Information supplied below:

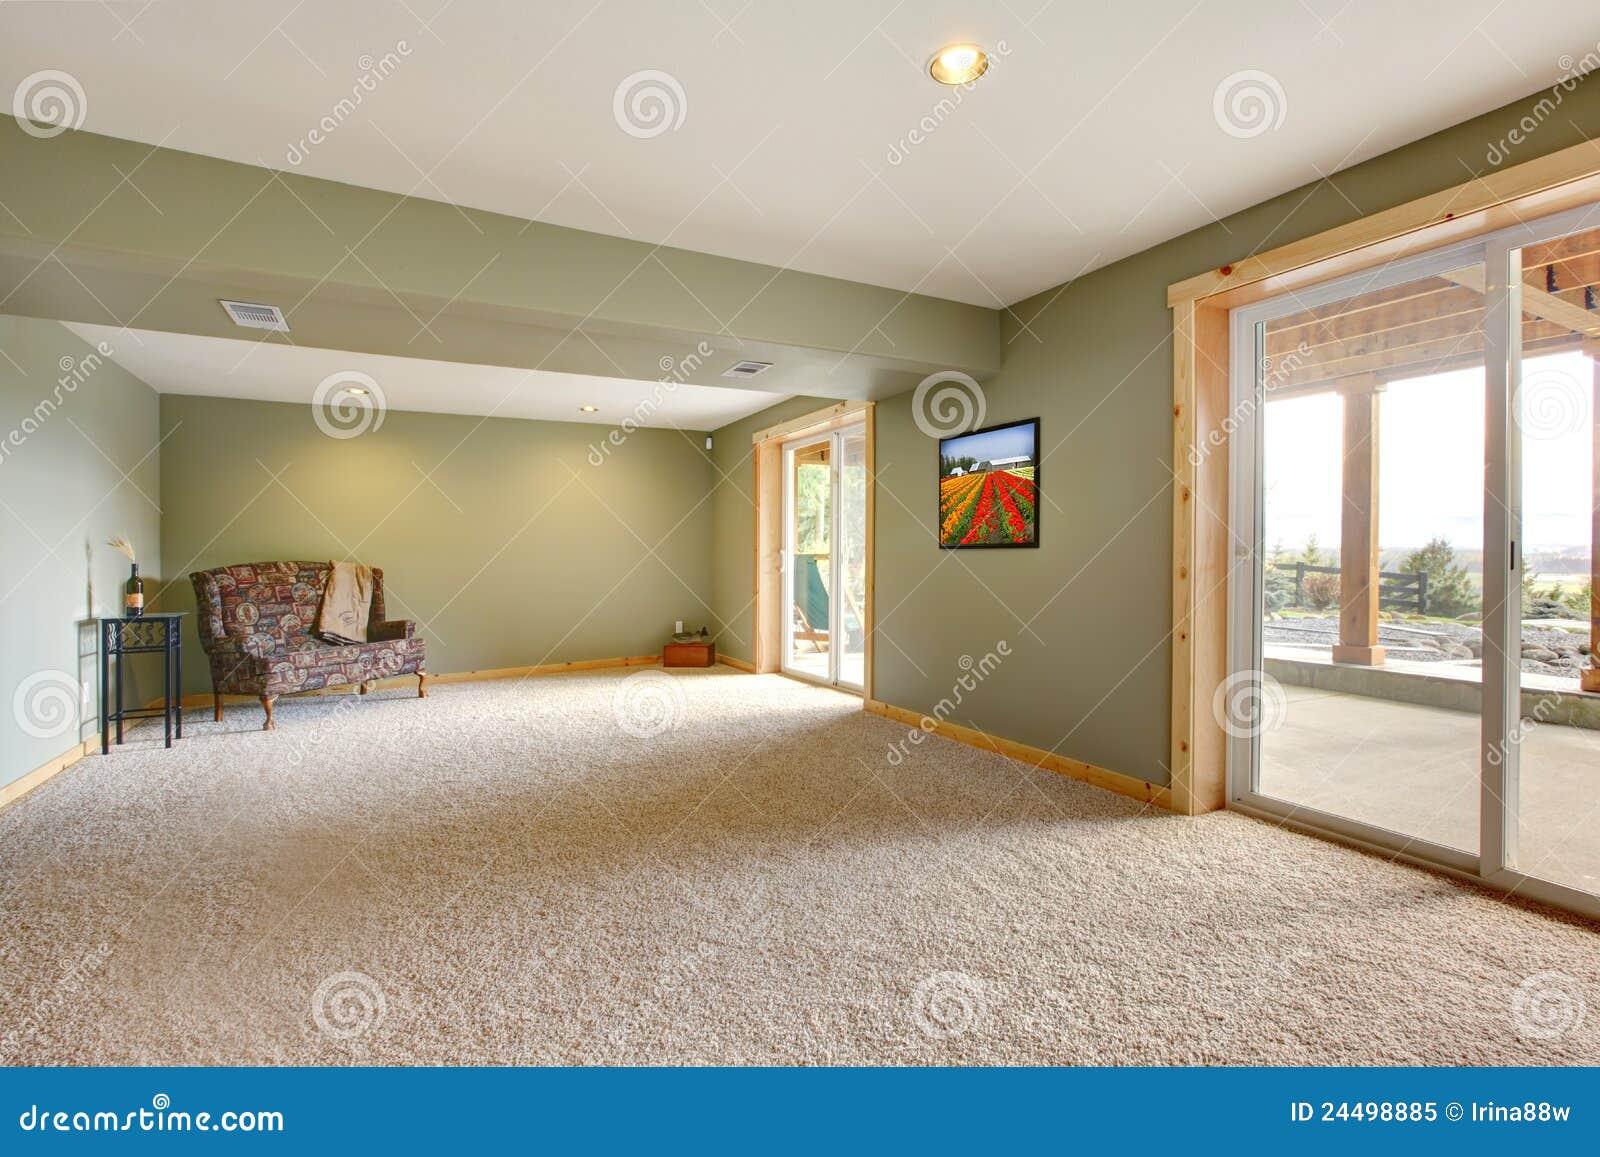 Groene Wand Woonkamer : Grondniveau grote nieuwe woonkamer met groene muren. stock
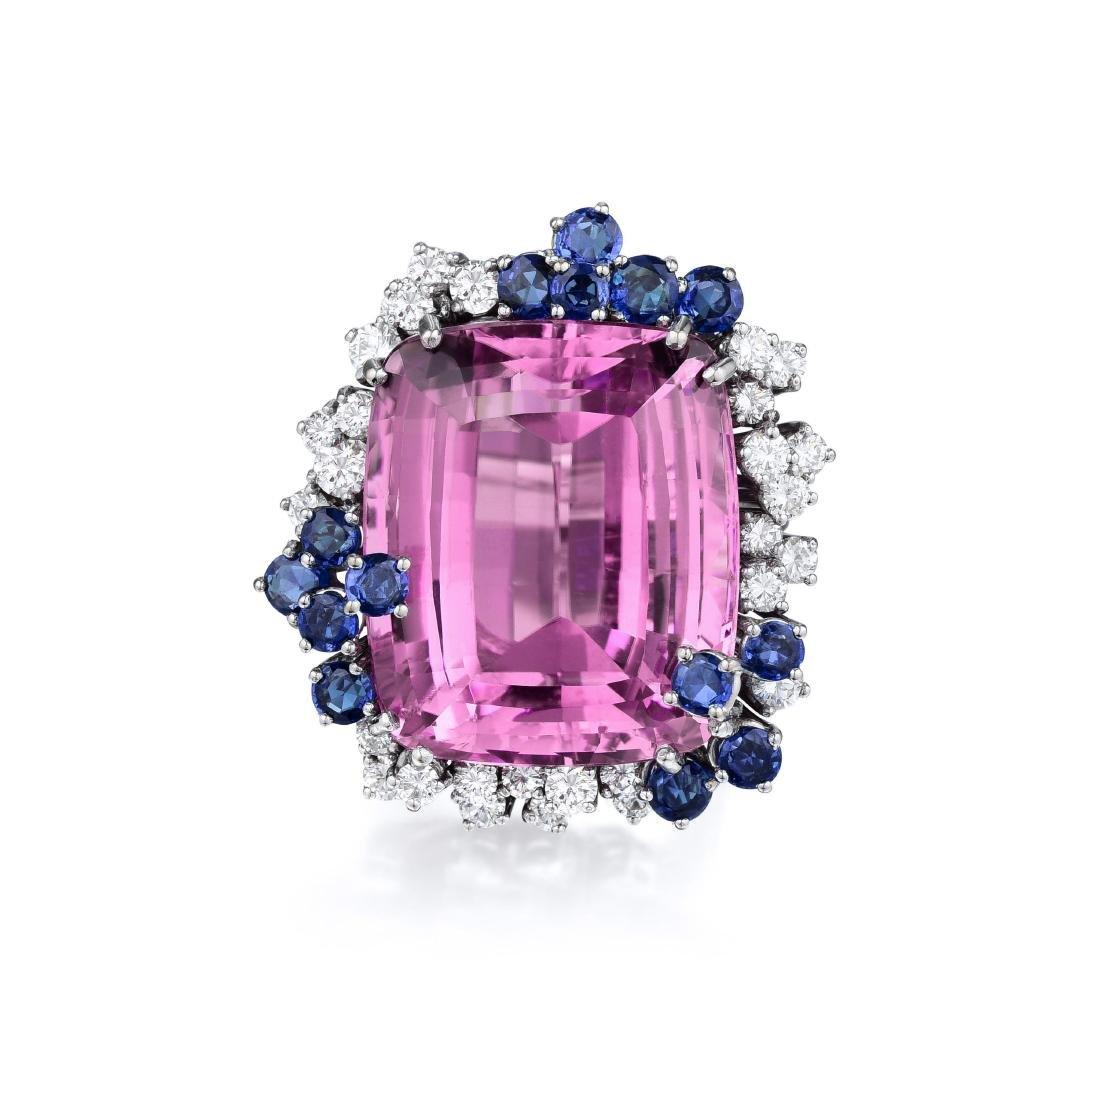 Kunzite Sapphire and Diamond Ring
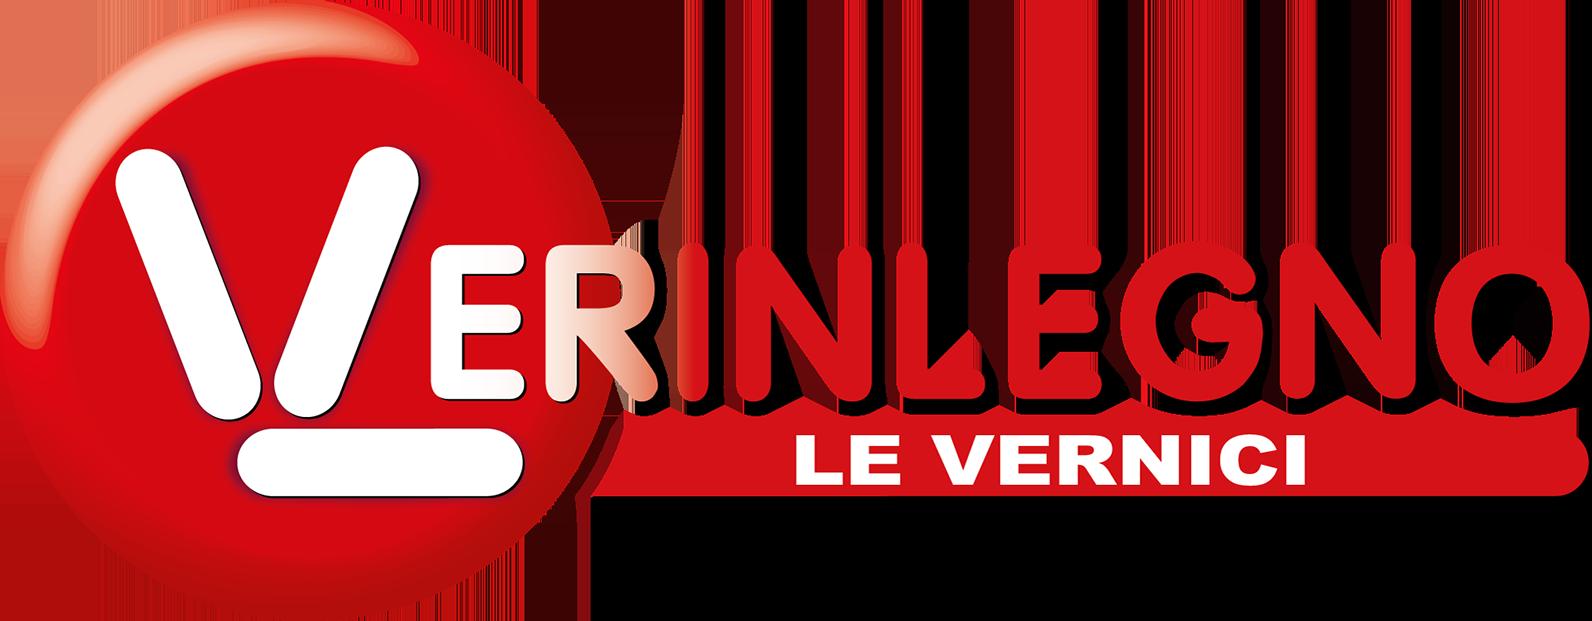 Verinlegno - Le Vernici

End of Information supplied.

→ **What you have to do**
Pictures are to be left out; otherwise, copy exactly each line from the one containing "Kunzite Sapphire and Diamond Ring" through the last line of the listing.

→ **Final answer**
 Kunzite Sapphire and Diamond Ring
 Verinlegno - Le Vernici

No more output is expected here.